Est-il possible de détecter des clients en situation de désengagement, de frustration ou de colère, et leur répondre efficacement ?

É. P. – Nos clients fidèles déclenchent un achat tous les dix-huit mois environ, avec un panier moyen de 1 200 à 1 300 euros. Leur irritabilité potentielle est d’autant plus forte que cet achat concerne un moment de vie (en famille ou entre amis). Depuis 2017, nous utilisons dans notre centre d’appels une technologie de détection de l’irritabilité. Ce dispositif identifie les « appels de colère » et facilite une supervision en temps réel ou a posteriori, avec si nécessaire un rappel par un de nos responsables. En outre, si plus de 90% des réclamations nous parviennent par écrit, nous y répondons majoritairement par un appel de nos téléconseillers. Le client se sent écouté et peut détailler la situation à l’origine de sa réclamation, ce qui aide à désamorcer la situation. C’est la plus-value de l’écoute humaine. Ce processus est facilité par un « puits de données » qui centralise l’historique de la réclamation et des points de contact, la fiche client, les enquêtes de satisfaction…

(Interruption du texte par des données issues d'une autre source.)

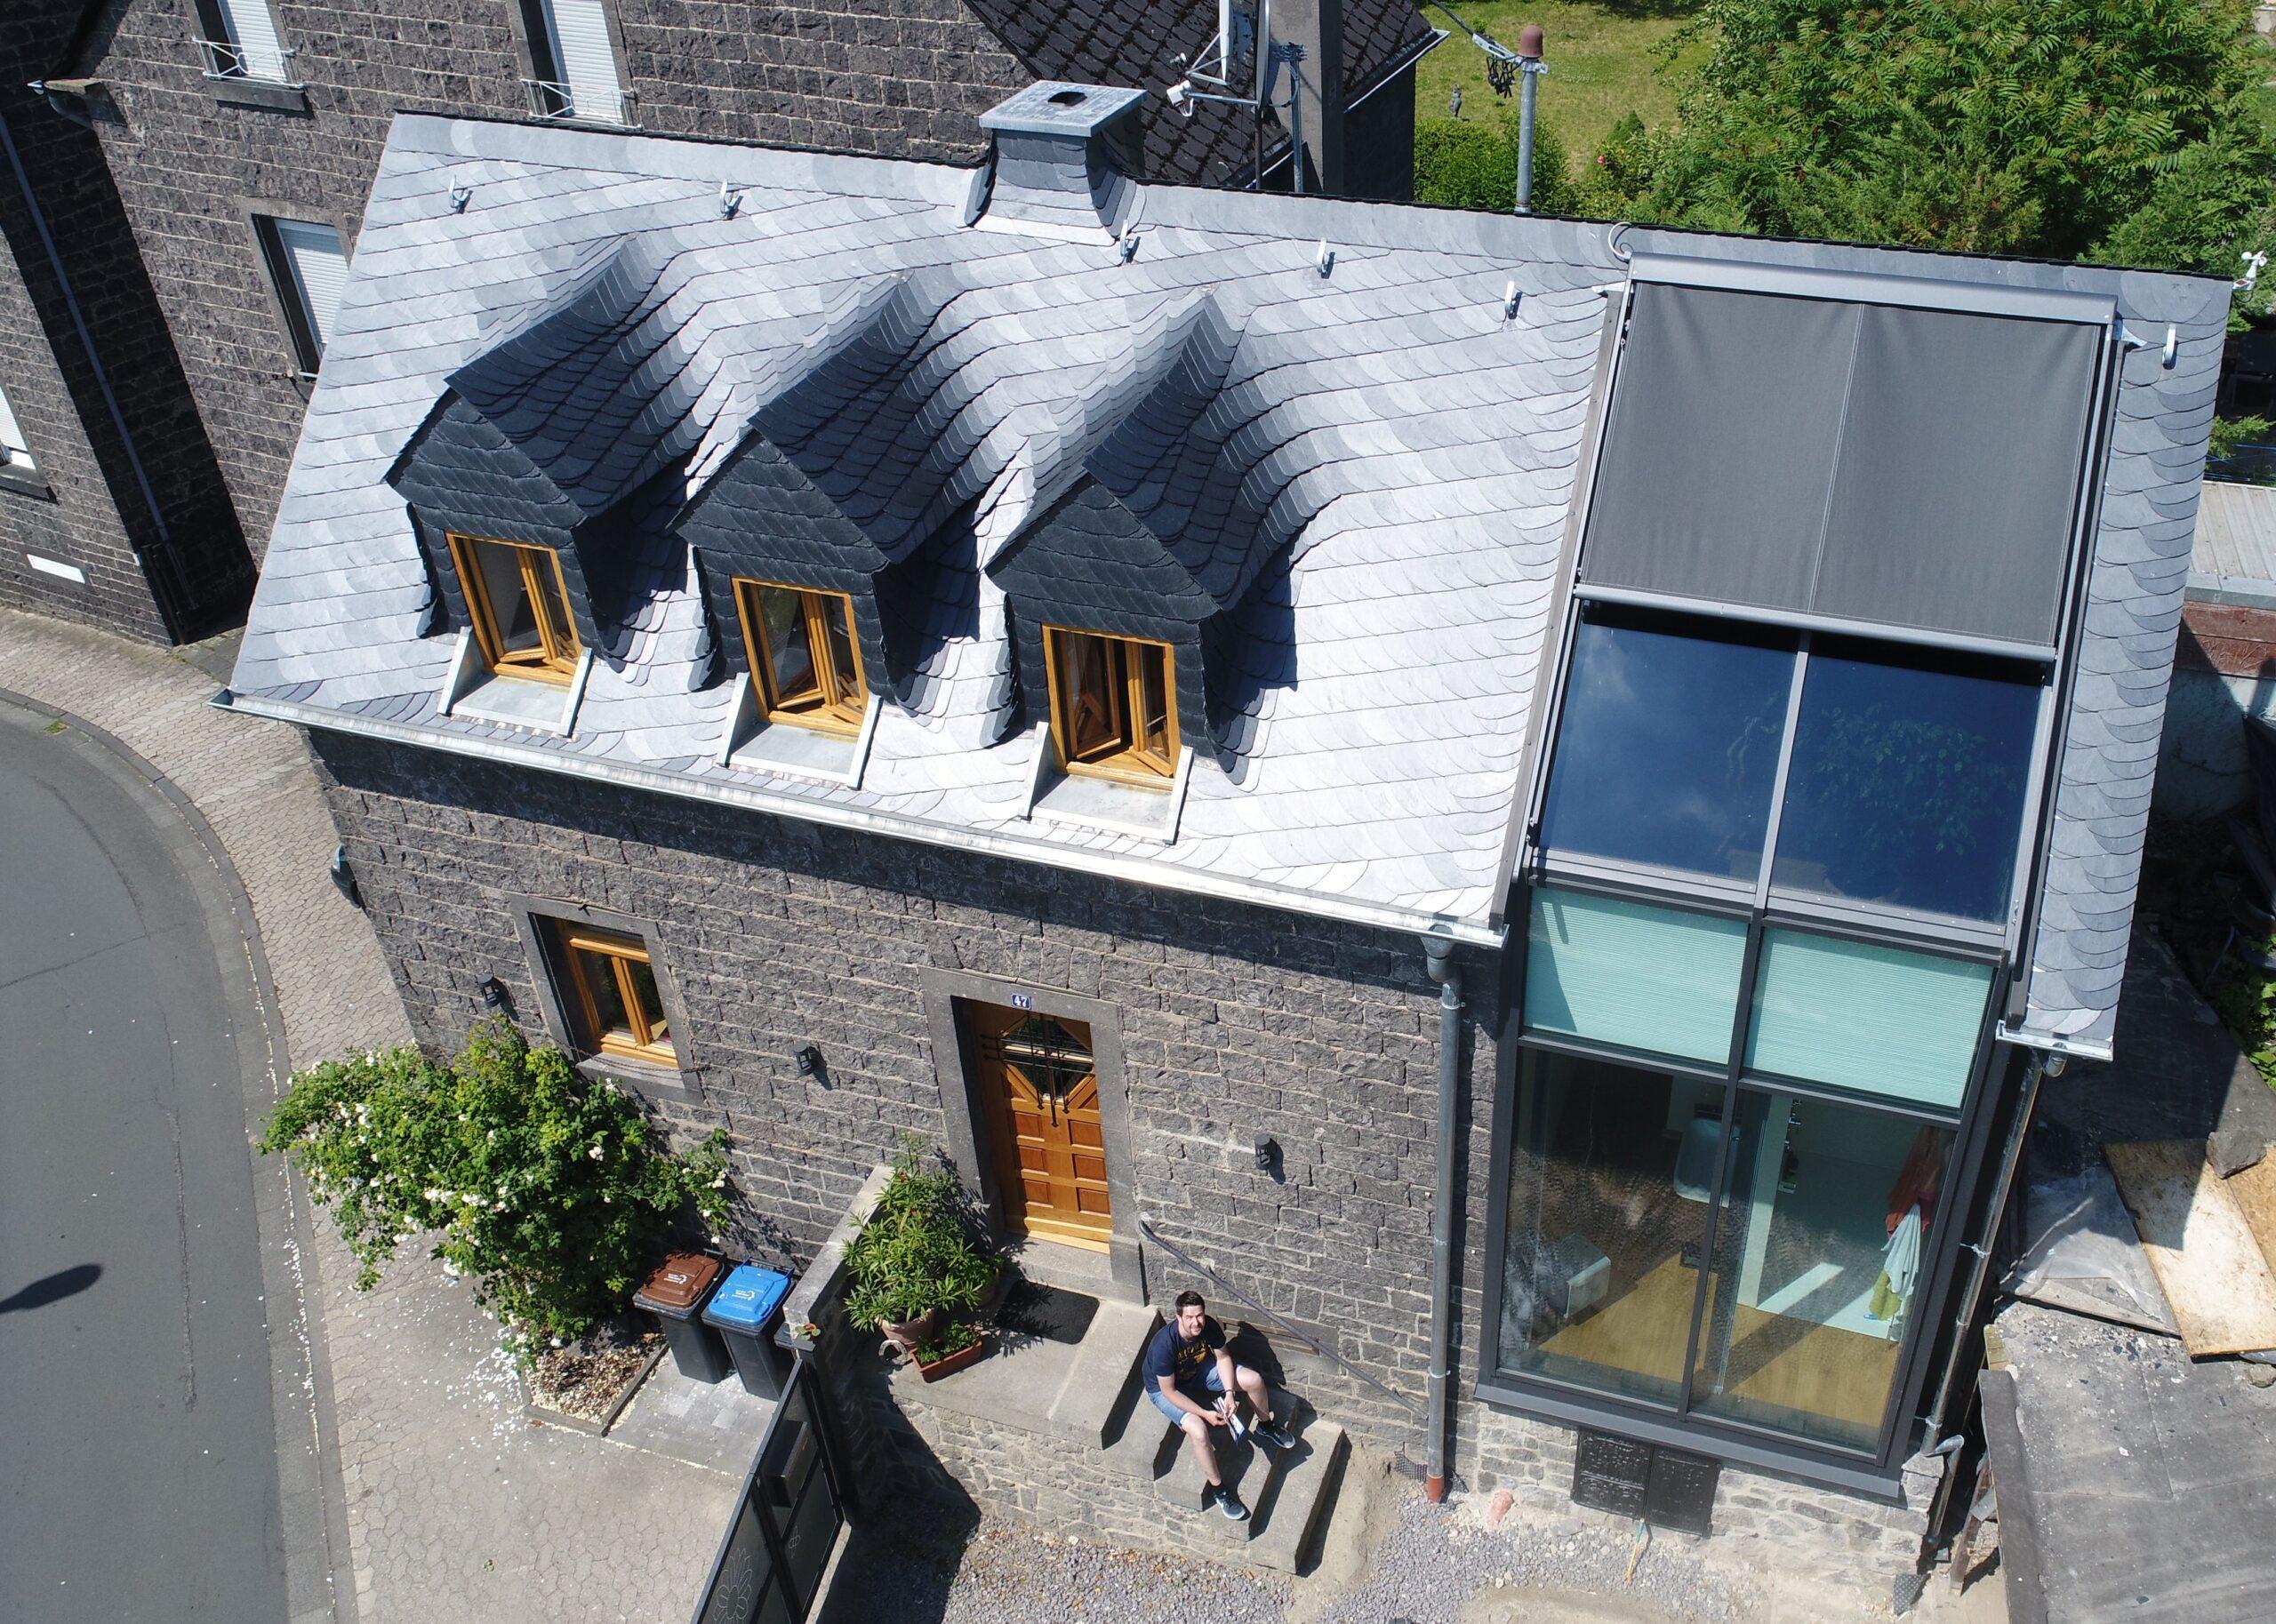 Full Size of Dachfenster Einbauen Was Ist Zu Beachten Fenster Kosten Rolladen Nachträglich Bodengleiche Dusche Velux Neue Wohnzimmer Dachfenster Einbauen
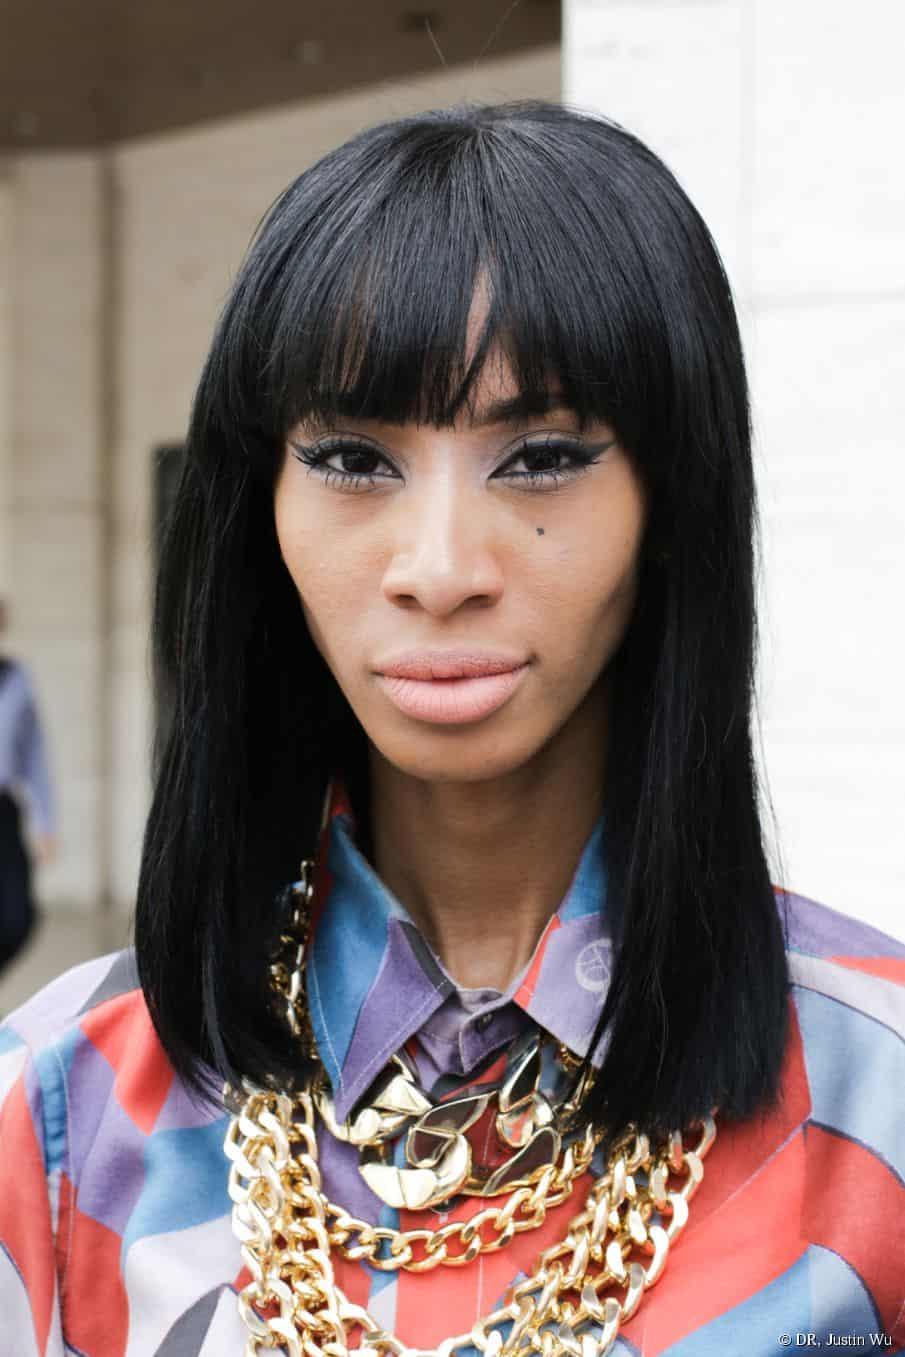 blunt-bangs-hairstyle

De plus, pour onze de nos sites en Europe, nous avons instauré l’envoi par WhatsApp d’un assistant virtuel, cinq jours avant l’arrivée du client, afin de faciliter l’accueil. Et lorsqu’une réclamation est ouverte, nous gelons temporairement les relances et les enquêtes de satisfaction auprès de ce client pendant deux semaines.

 

La réclamation peut-elle être transformée en opportunité relationnelle ? Comment ?

É. P. – Dans notre groupe, un tiers des réclamations donne lieu à compensation par un à-valoir sur un prochain séjour. Les deux autres tiers prennent la forme de remboursements ciblés ou de réponses contextualisées – sur une activité qui se serait mal déroulée, par exemple. Depuis 2021, nous déclenchons 300 000 « appels de bienvenue » par an, avec un gain moyen de satisfaction de 8%. Nous avons aussi pris l’initiative de surclasser un millier de clients suite à leurs réclamations. 

Nous allons faire évoluer ces processus en consacrant plus de temps à l’analyse des causes racines, en reliant réclamations, enquêtes de satisfaction (un tiers de nos clients y répond) et commentaires sur les plates-formes de voyage. Sur 1 500 réclamations déjà analysées par IA, nous avons ainsi identifié des attentes spécifiques de la clientèle néerlandaise, sur les activités et la configuration de nos sites. Au final, l’ensemble de ces politiques réduit l’écart entre la projection initiale des clients et leur découverte des lieux.

Crédit photo couverture : ©Pierre & Vacances - Center Parcs

Biographie d'Éric Poueys (Pierre & Vacances - Center Parcs)

Eric Poueys débute sa carrière à la fin des années 1990 chez Cofinoga/LaSer, d’abord en tant que directeur de la fidélisation, puis comme responsable d’un centre de profit. En 2012, il est nommé directeur de la relation client de QCNS Cruise, leader des croisières en ligne. En 2014, il rejoint Karavel/Promovacances comme directeur projets et développement. Depuis 2017, il est directeur de la relation client de Pierre & Vacances – Center Parcs, fixant la stratégie pour l’ensemble des marchés européens du groupe.